→ Work item:
Return the records word for word. Any pictures in them are not part of the copy.
:: Supplied entries ::
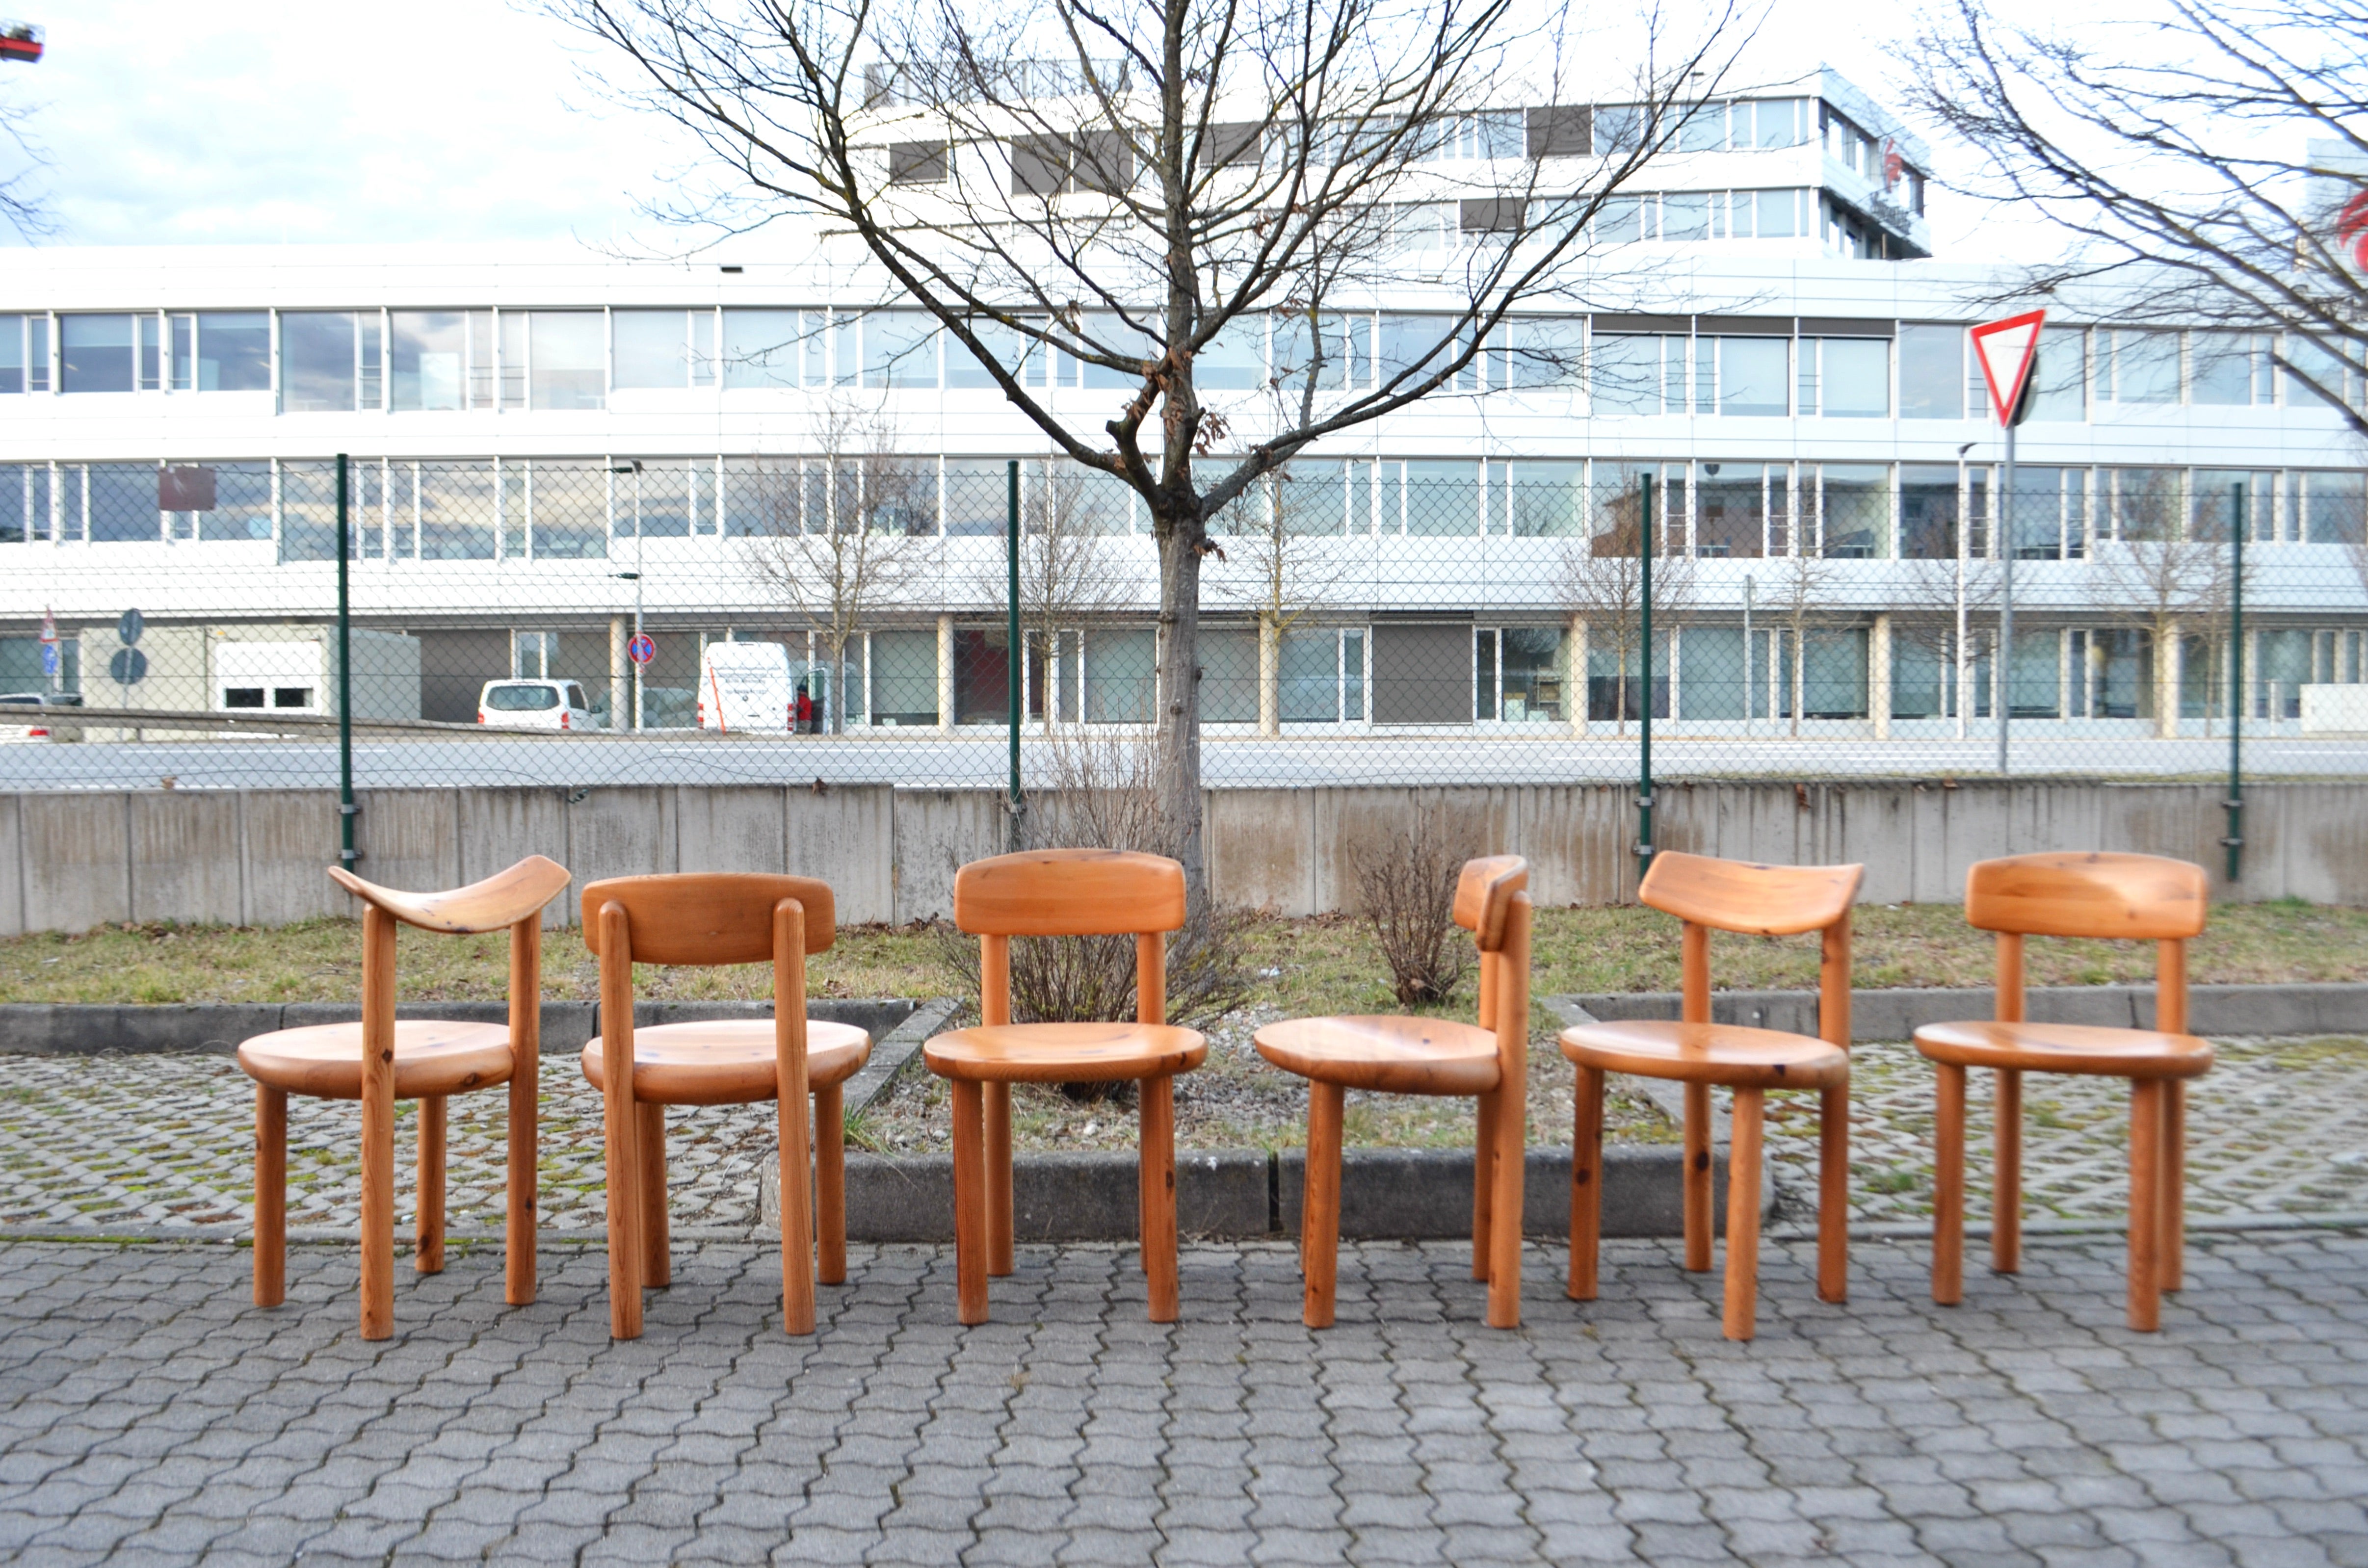 Dining chairs designed by Rainer Daumiller and manufactured by Hirtshals Savvaerk.
Model with flexible back.
Solid scandinavian pine wood.
Version is lacquered.
These chairs are very comfortable.
The seating area is perfectly shaped and the flexible
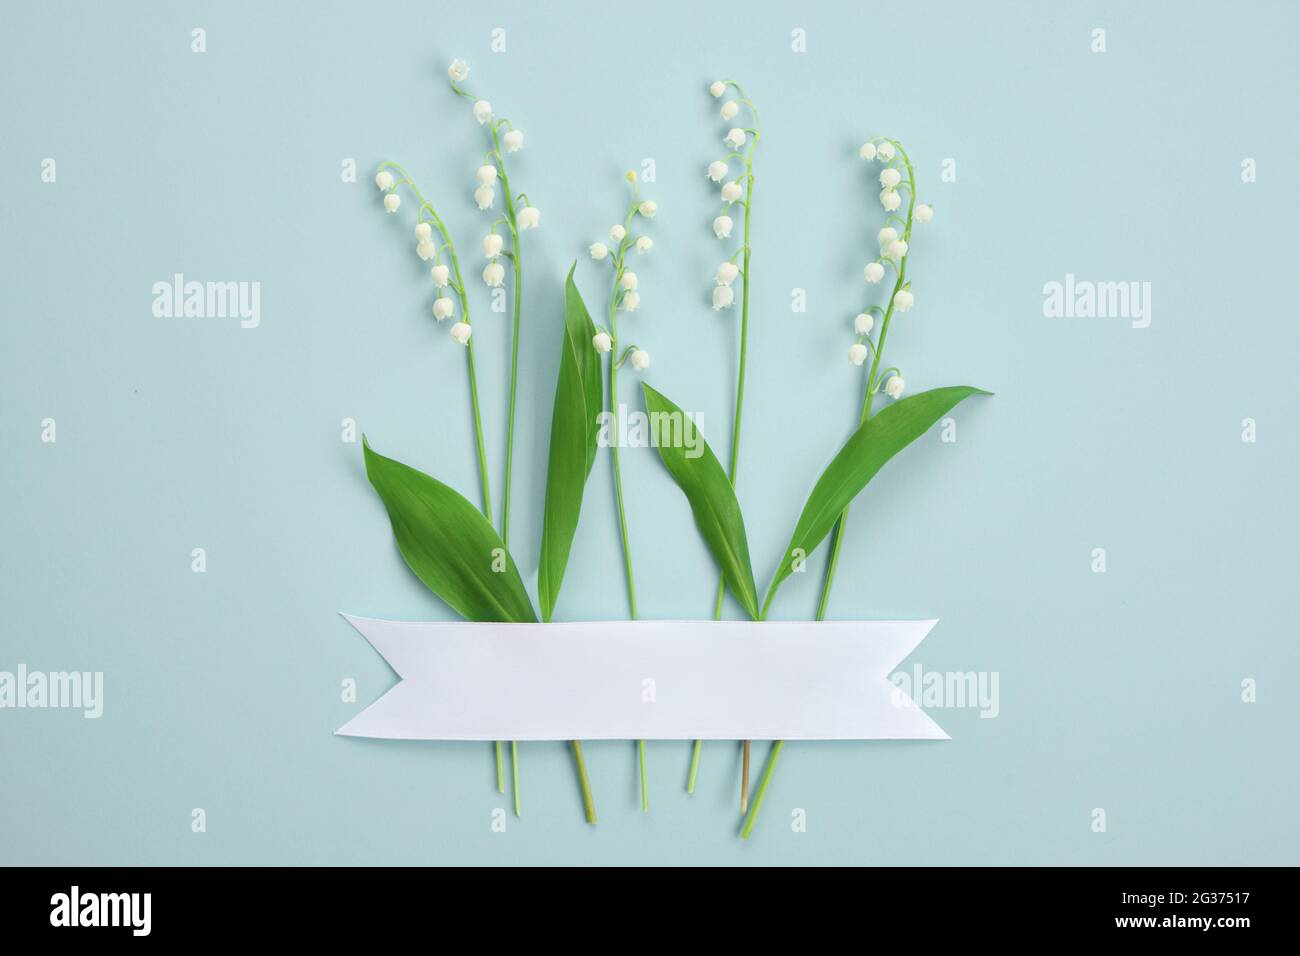 Composition with white flowers. Creative layout of lilies of the valley on a light green background. Minimalism concept. Stock Photo
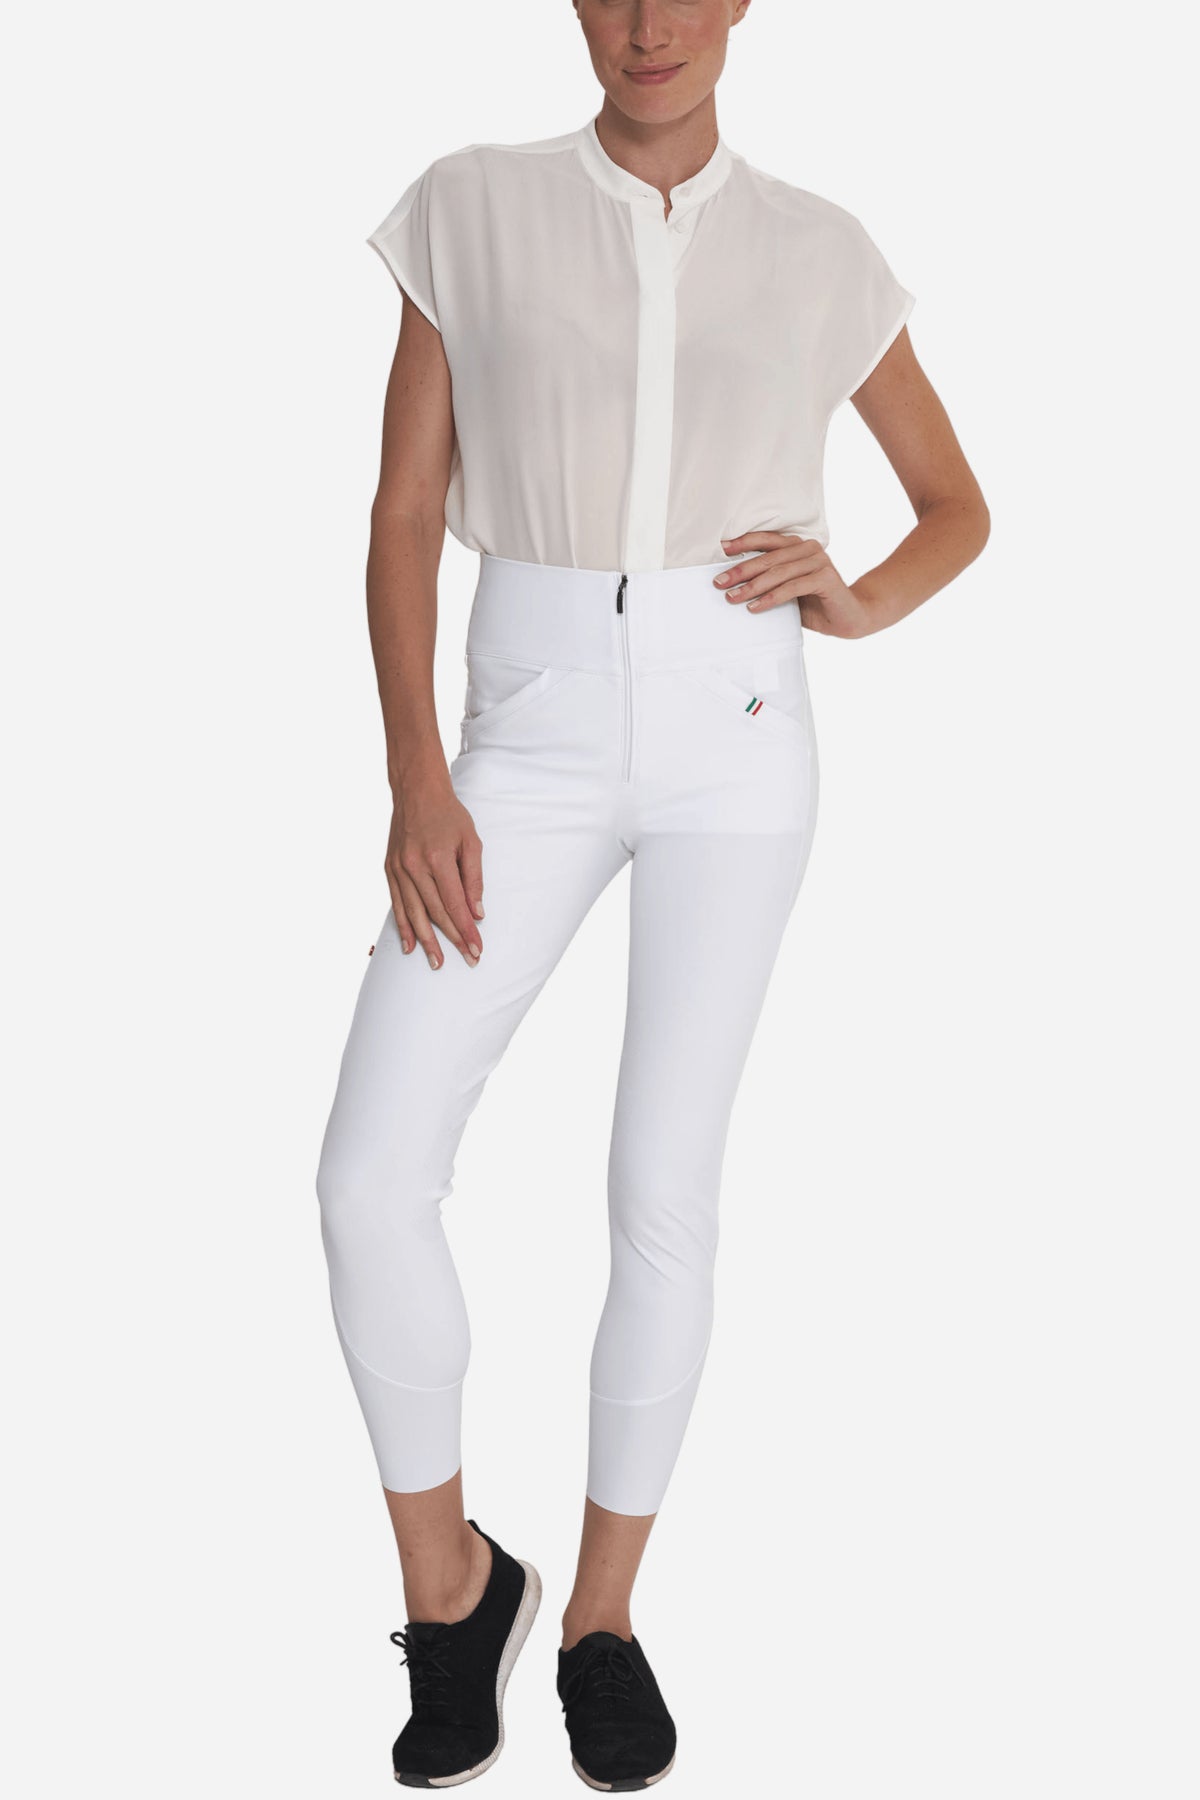 ForHorses  FRANCESCA Ultra Move Breeches, Equestrian Wear - For Horses  Italy Collections
:::
→ Result of the exercise:
 Dining chairs designed by Rainer Daumiller and manufactured by Hirtshals Savvaerk.
Model with flexible back.
Solid scandinavian pine wood.
Version is lacquered.
These chairs are very comfortable.
The seating area is perfectly shaped and the flexible
 Composition with white flowers. Creative layout of lilies of the valley on a light green background. Minimalism concept. Stock Photo
 ForHorses  FRANCESCA Ultra Move Breeches, Equestrian Wear - For Horses  Italy Collections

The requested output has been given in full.